Having a climax that takes place in the subconscious and in nightmares, instead of giving us action, is a huge disappointment. It takes the movie from something that could have been great, (that first act was terrific,) to something lousy and anti-climactic. All of a sudden the movie becomes okay. In the first act they were taking inspiration from some of the better superhero movies, and in the final act, they were taking inspiration from some of the worst ones. What a mistake.

 

If they had continued with following beats from the Avengers, this could have stayed the course. For example, the ending could have had a battle in the streets of New York City, with Void creating a team of shadow warriors and the Thunderbolts fighting them off. But going into the subconscious, and room after room (kind of like Inception,) is a cop out. We want action from these movies, and that really shouldn’t be such a difficult concept for the filmmakers to understand.

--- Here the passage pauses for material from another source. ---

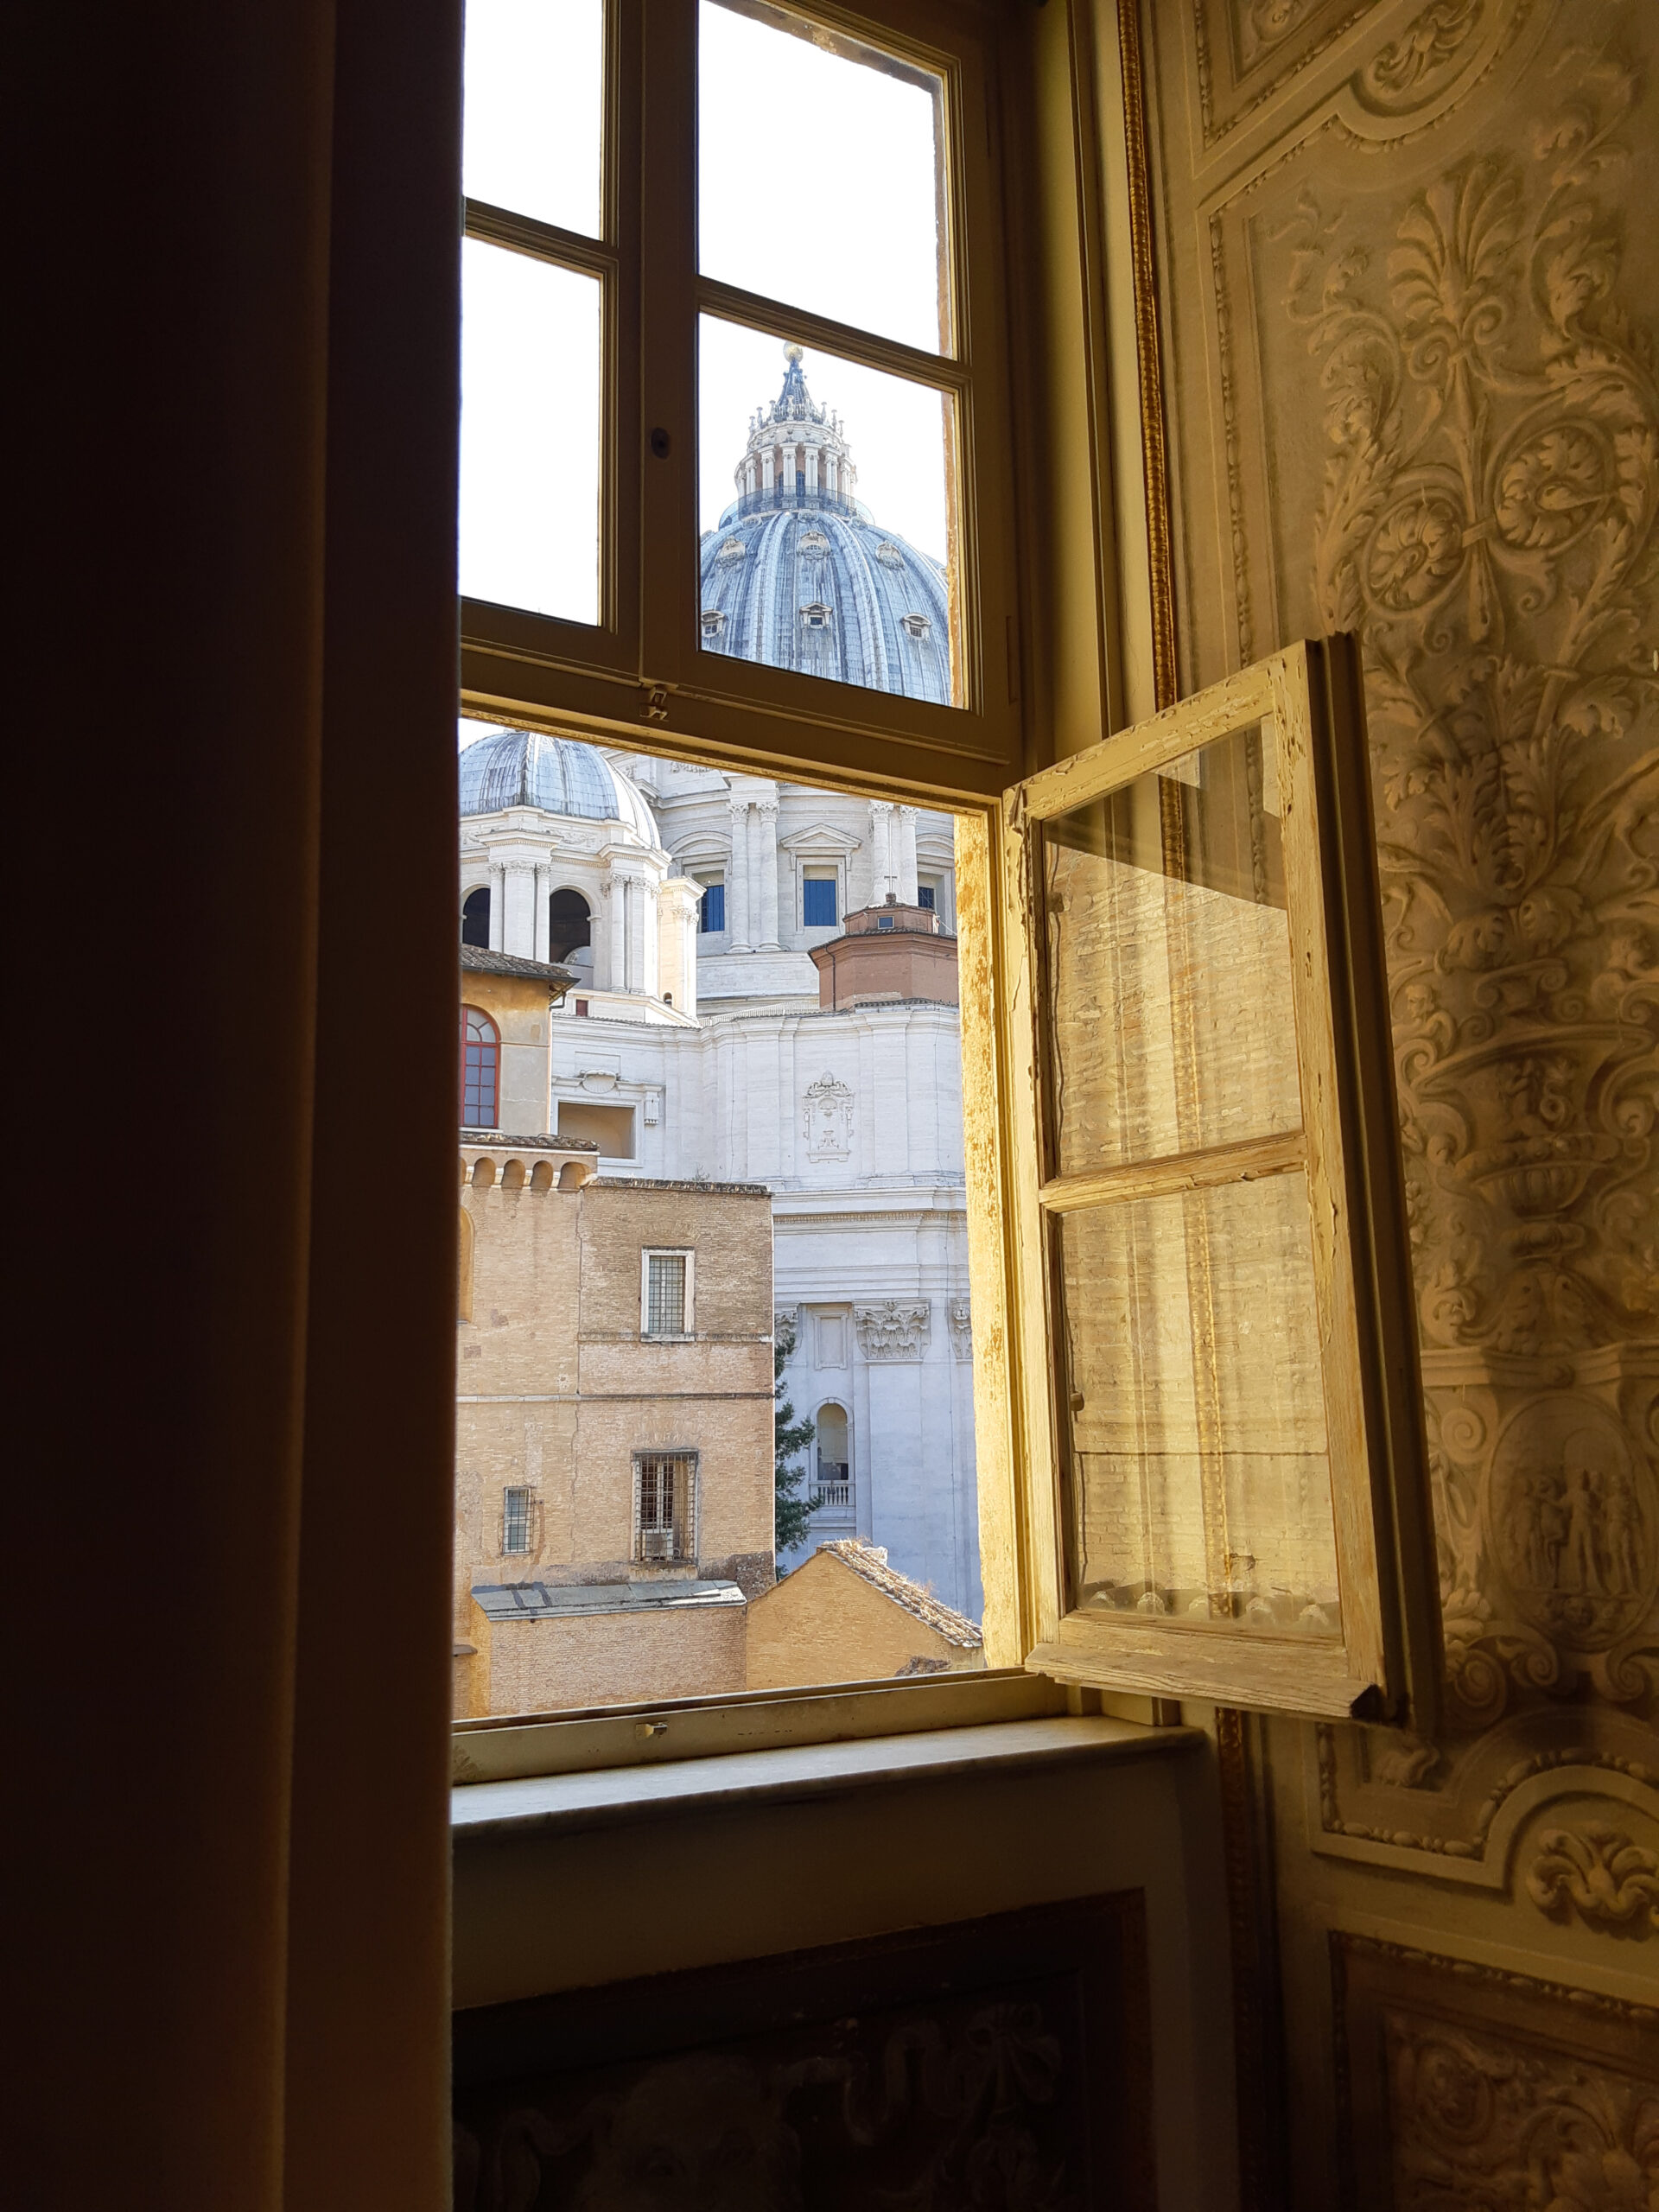 Widok przez okno na Bazylikę św. Piotra w jednej z sal w Muzeach Watykańskich

The movie is ultimately good, due to a great opening act, and some characters throughout. Pugh and Harbor really carry it along, her with the emotion and him with the humor. On top of that, the final post credits scene is the best Marvel end credits tag in years. Finally they went back to connecting the tag to other characters from other movies (the last time they did this was with the post credits scene from Shang Chi.)

But a great post credits scene still doesn’t make up for the letdown of a final act and the anti-climactic ending. Sentry looked so great once he donned the outfit, only for them to literally take it away from him just moments later. It’s a constant case of Marvel second guessing themselves and not having confidence to stay with something that’s working. The same can be said of why the ending switches tones from action to meta subconscious. The movie was good, but could have and should have been a whole lot better.